A user has polymorphic type relationship help

I have a user that can belong to ONE of multiple different account types, I'm not sure the optimal way of setting up this relationship.

Say we have a User, that can be of account type Teacher, or Student, the base user object will contain all the shared attributes, while the teacher and student object will have the extended specific attributes for that type.

The way I see it as a kind of a mix between a pivot table and polymorphic relationship - as a User is either a teacher, or student, I can't use direct belongsTo(Student::class) or belongsTo(Teacher::class) relationship.

So if I use a pivot table called user_accounts that contains user_id, account_id, account_type, I'm unsure how to create the relationship correctly.

I expect the table to for example look like this

 user_id | account_id | account_type
      1                  3              student
      2                 4              teacher

Normally in the user model to represent a relationship you would use

public function student()
{
      return $this->belongsTo(Student::class);
}

The question is not knowing the account_type string, do we just do both $this->belongsTo(Student::class) and $this->belongsTo(Teacher::class) and let laravel deal with ignoring the invalid one, but I was wondering if it can be done dynamically, something like

public function userType()
{
    return $this->belongsToMany($accountType::class); // doesn't work
}

But I don't think this is possible ?

Also, to set up the pivot relationship, I would normally do

$this->userType()->attach($teacher/$student);

But this doesn't seem to work either.

All the above obviously has to factor in the creation of the user object, the student/teacher object and the linkage between all.

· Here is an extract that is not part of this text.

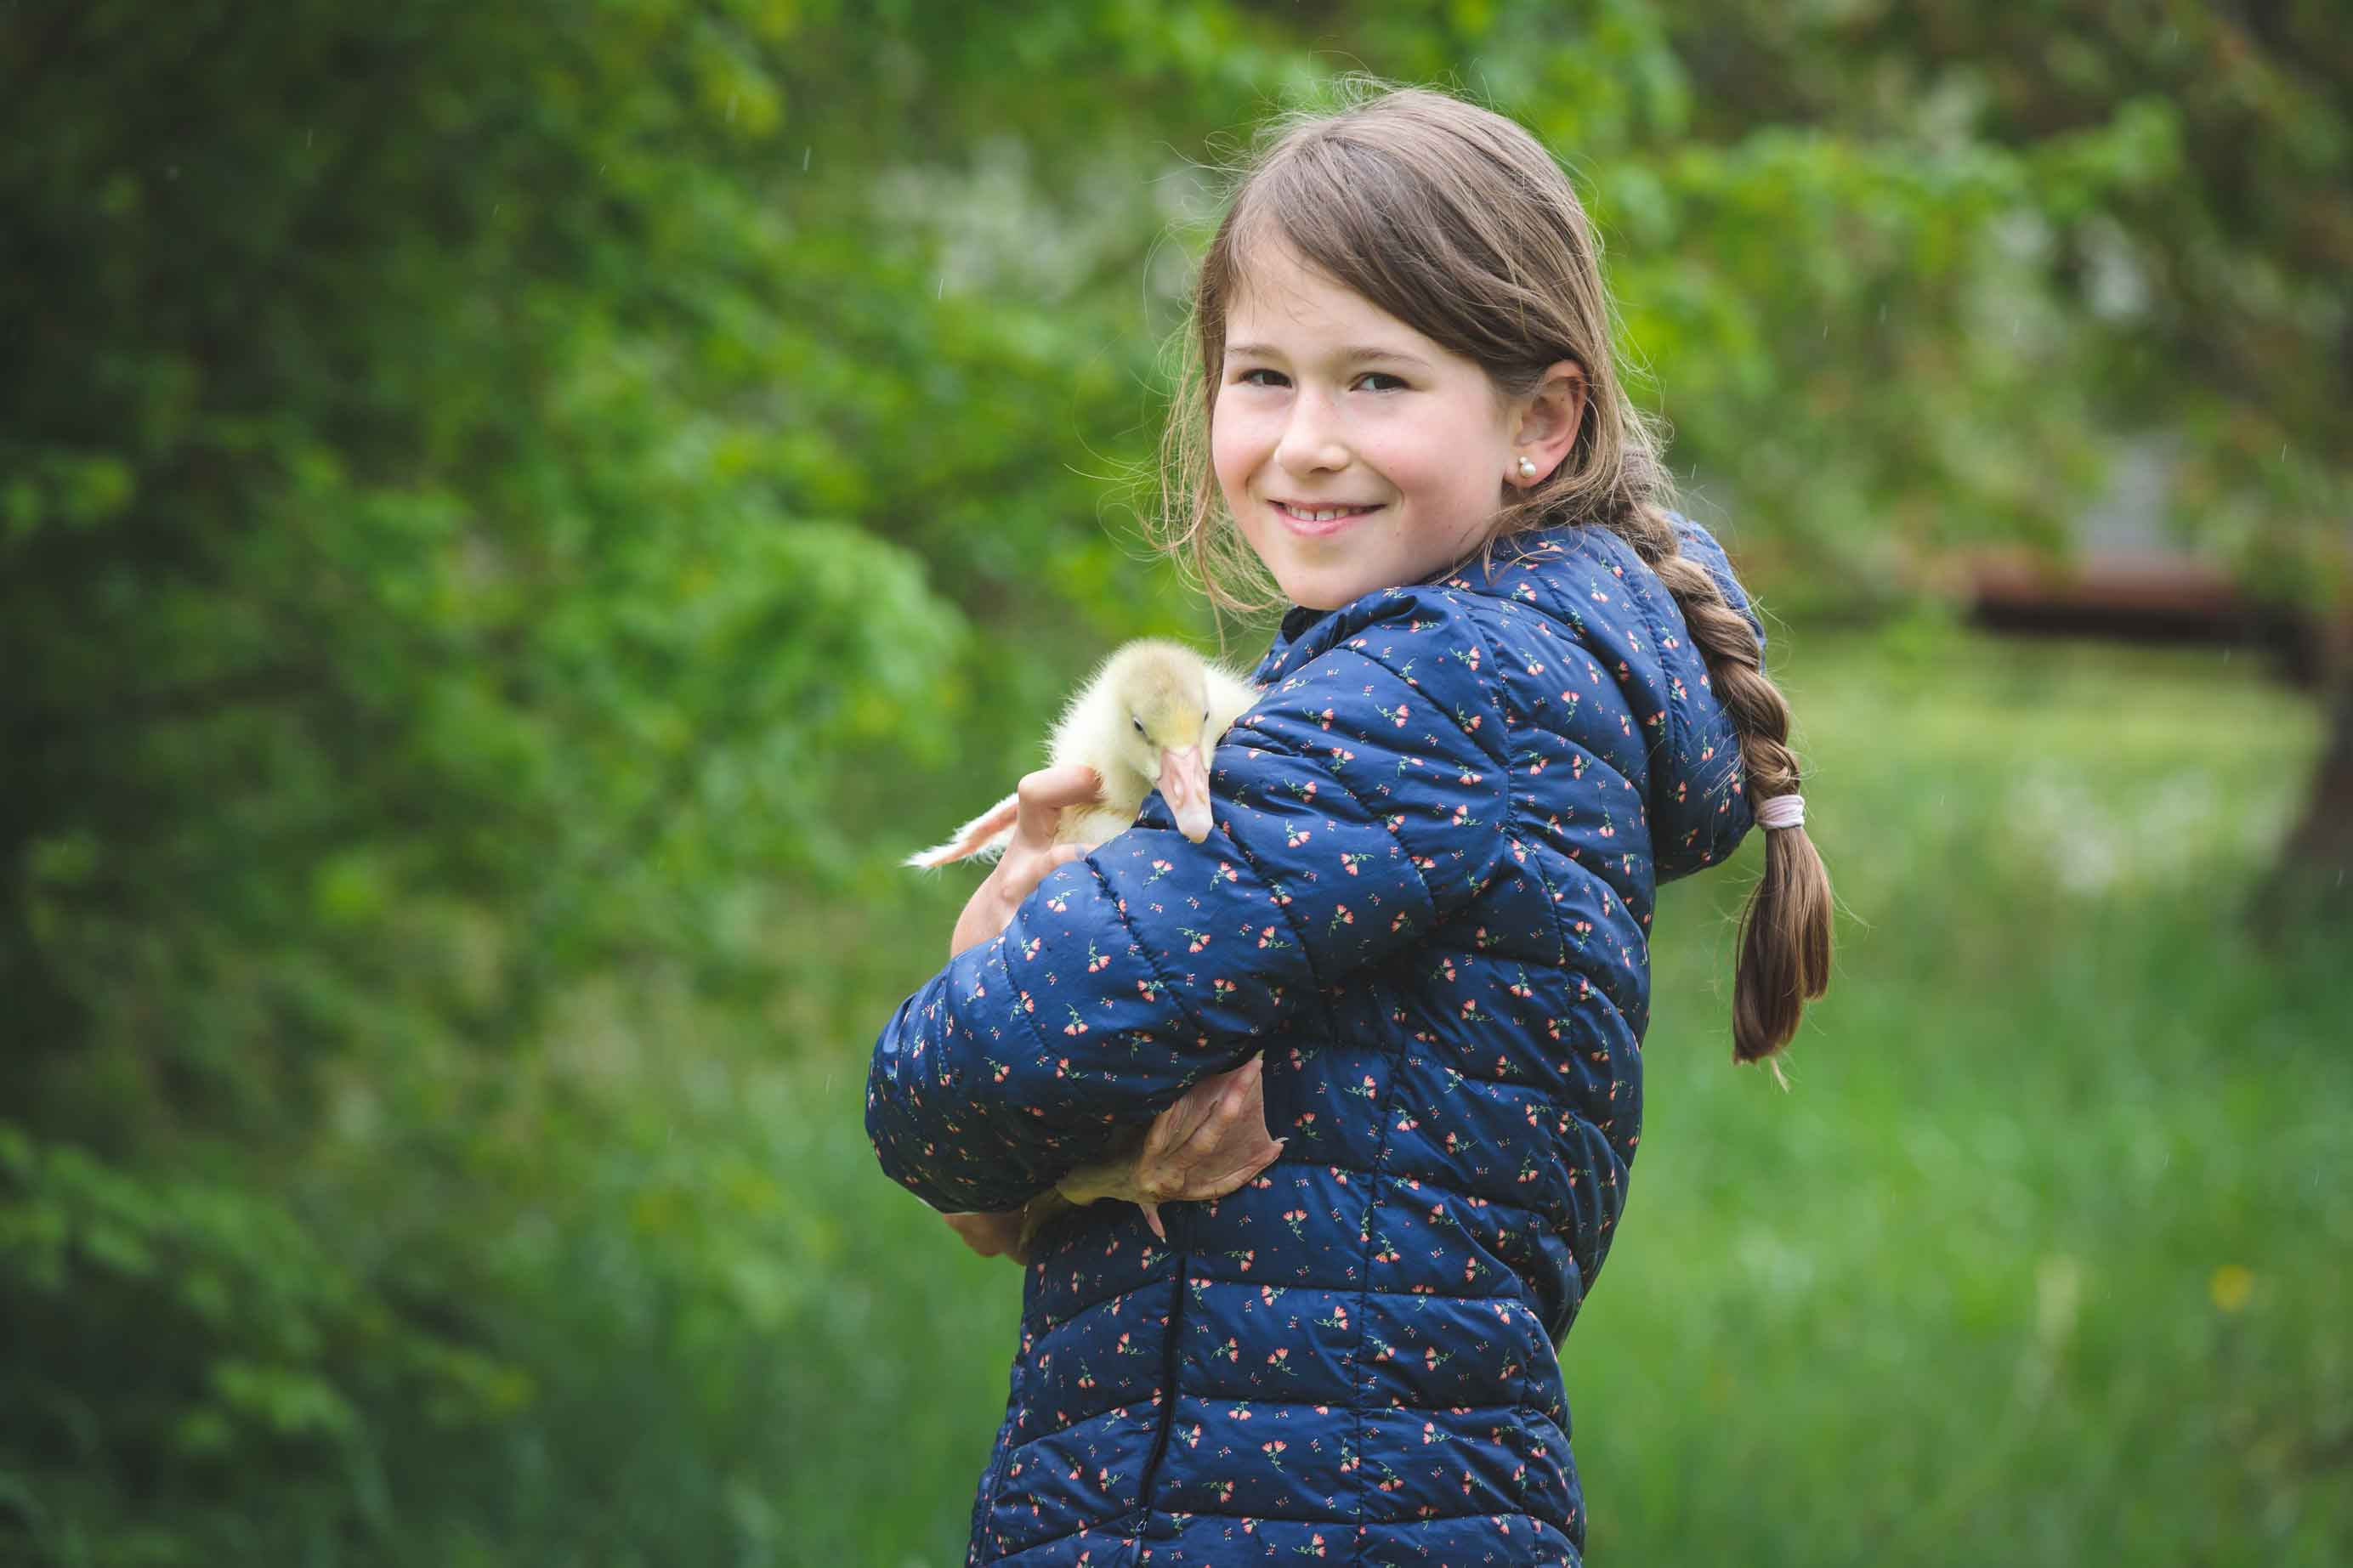 Kinderportraits mit Gänseküken IMG 0682w

Please any pointers would help, this is the tricky part as obviously making it right up front means retrieval and querying down the track is much better/efficient.

0 likes
5 replies
tykus's avatar
tykus
Best Answer
Level 104

Does a polymorphic many-to-many make sense here (a user cannot be a student and a teacher, can they)?

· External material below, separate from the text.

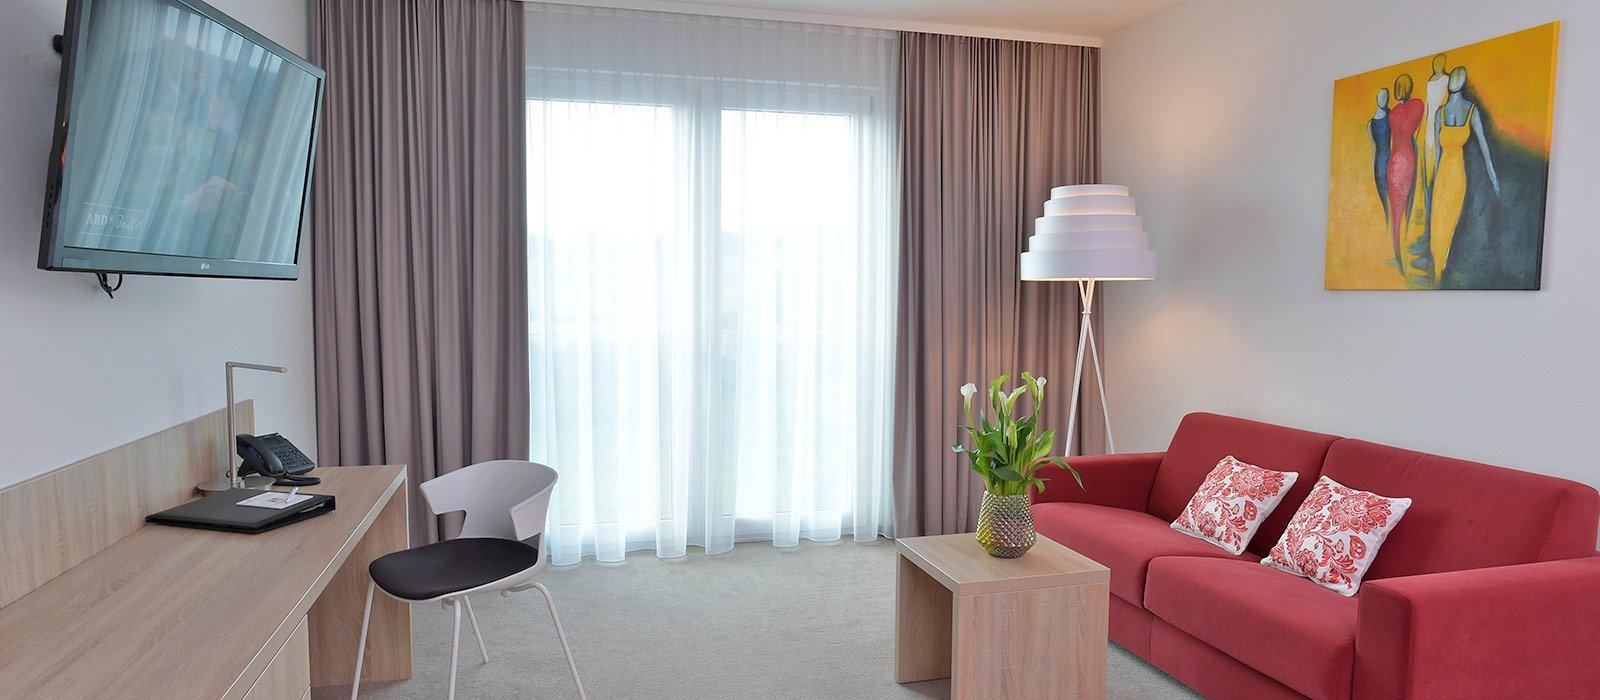 Longstay Apartments

Why not have a students table and a teacher table and on your users table have the xxxxaable_type and xxxxable_id (can't think of a good -able right now!).

Your relationship on User model would be

public function xxxxable()
{
    return $this->morphTo();
}

and on the Student and Teacher models (if they are needed):

public function user()
{
    return $this->morphOne('User', 'xxxxable');
}

Attaching records is the same as a regular belongsTo/hasOne.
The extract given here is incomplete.